В этом замкнутом кругу когда-то люди отгораживались от бури политических страстей. Теперь же победа настолько их ослепила, что они возомнили себя финансовыми и политическими деятелями, носителями чуть ли не тех традиций, которые их предки безвозвратно утратили уже более ста лет назад. Они только понимали, что единственной теперь для них опорой являются деньги. Крушение трех империй открывало широкие горизонты для новых дельцов, заполонивших Париж. Не могли же они смотреть без зависти на такого выскочку, как Лушер, который, получив хорошие деньги за проведение монополии во Франции бразильского кофе, сумел купить себе, правда, хоть и не титул, но во всяком случае настоящий герцогский замок.
Деньги не пахнут, а местом, где не только деньги, но даже крупнейшие промышленные предприятия теряют свое лицо, приобретая и утрачивая свою ценность в зависимости от комбинаций искателей наживы, является, как известно, биржа. Окружавшие это величественное, построенное архитектором Броньяром в 1808 году здание грязненькие кафе бывали в довоенное время набиты мелкими комиссионерами, агентами, журналистами. Но времена переменились, и, к немалому моему удивлению, как раз в подобном кафе один из моих когда-то шикарных коллег по жокей-клубу назначил мне свидание.
- Извините, но я ведь тут работаю и слежу через своих агентов за движением акций,- как бы оправдываясь, объяснял мне мой приятель.- Что вы, между прочим, думаете о русских бумагах? Понижение их ведь только временное. Колчак почему-то отступил, но все поговаривают, что к Новому году большевики наверно падут.
В это время через открытые двери кафе с широкой площадки перед зданием биржи доносился рев человеческих голосов - именно, не крики, а рев, среди которого кое-когда можно было улавливать и русские имена: "Манташев!"... "Мальцев!"... "Лианозов!"...
Шла обычная котировка акций, цены на которые записывались мелом на досках с тем, чтобы тут же по выкрикам агентов их можно было изменить.
- Что вы думаете о нашей бирже? - спросили в 1923 году приглашенного в Париж председателя нашей Нижегородской ярмарки Малышева.
- Частенько мне приходилось бывать на кладбищах,- ответил он,- но никогда я не слышал, чтобы покойники могли так громко кричать!
* * *
Аппетиты на наши русские богатства росли с приездом их прежних владельцев, один за другим пробиравшихся в Париж для пропаганды новой войны на смену провалившегося "священного похода против большевиков".
- Раз русское посольство и русское консульство существуют,- рассуждали они,- так и Россия существует. Требуется лишь засвидетельствовать свои священные права на собственность, а в этом можно кое-кого и заинтересовать в одном из официальных учреждений, а тогда и продать за несколько миллионов свои акции: один раз, скажем,- голландцам, другой раз - англичанам...

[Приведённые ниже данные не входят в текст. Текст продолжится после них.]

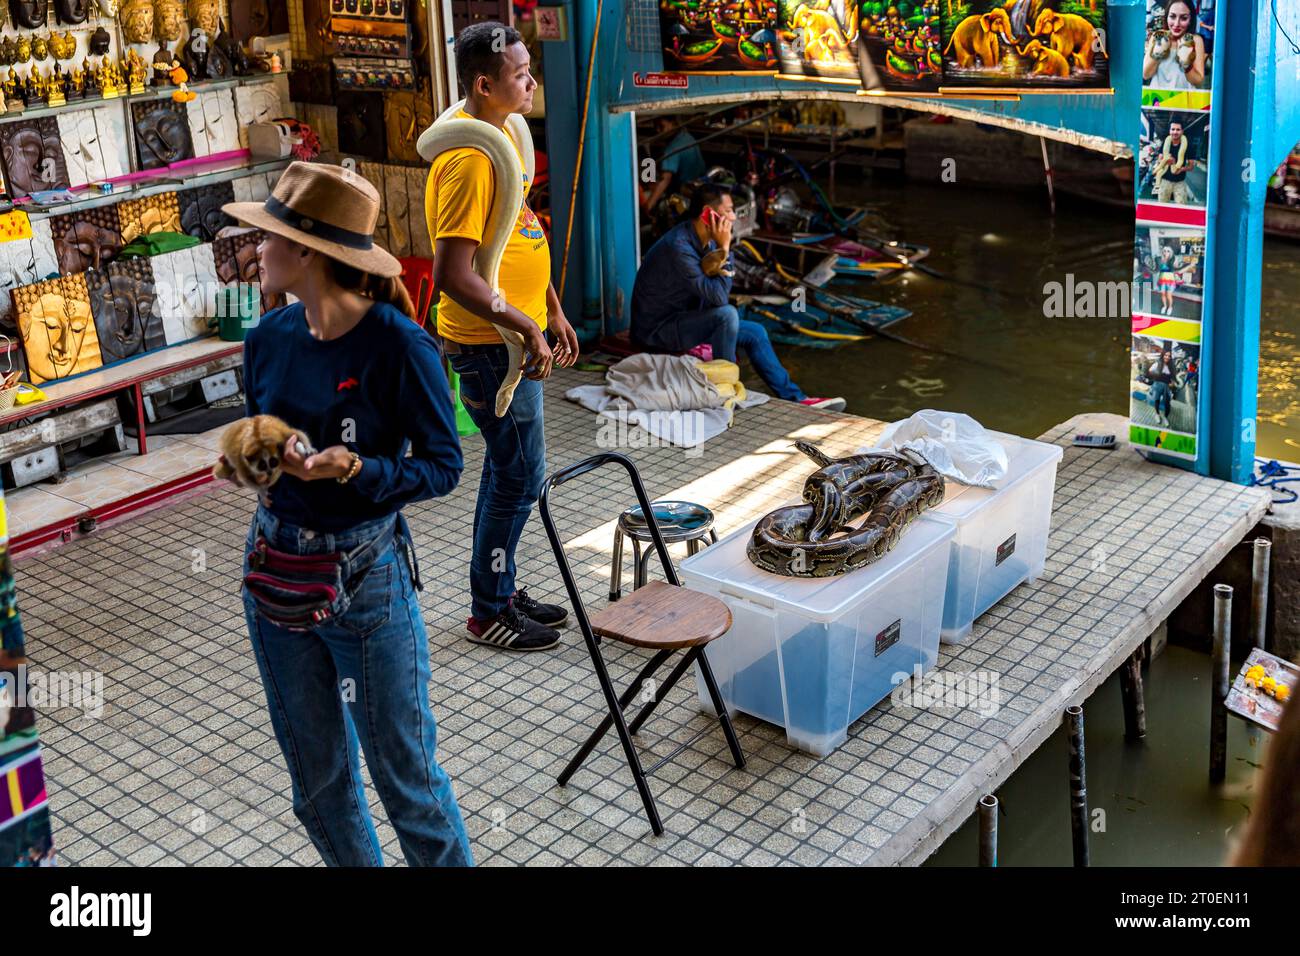 Woman and man offer snakes and small monkey for photograph, floating market, Damnoen Saduak Floating Market, Ratchaburi, Bangkok, Thailand, Asia Stock Photo

Застывшая в конце войны деятельность Маклакова оживлялась с прибытием каждого нового русского эмигранта, особливо если он был при деньгах.
- Мы огганизуемся,- объяснял мне Маклаков,- и подумайте, в нашем "политическом совещании" я добился того, что Савинков - отъявленный политический пгеступник - тепегь здесь в Пагиже пегвый салонный огатог, согласился заседать гядом с Сазоновым! Это ли не успех? Наш пгедседатель, князь Львов, пгосит вас, Алексей Алексеевич, непгеменно к нему зайти по кгайне важному и касающемуся вас госудагственному делу.
Бывший председатель Временного правительства оказался сухоньким старичком с небольшой козлиной бородкой - одним из тех сереньких людей, про которых просто говорят, что они "очень любезны".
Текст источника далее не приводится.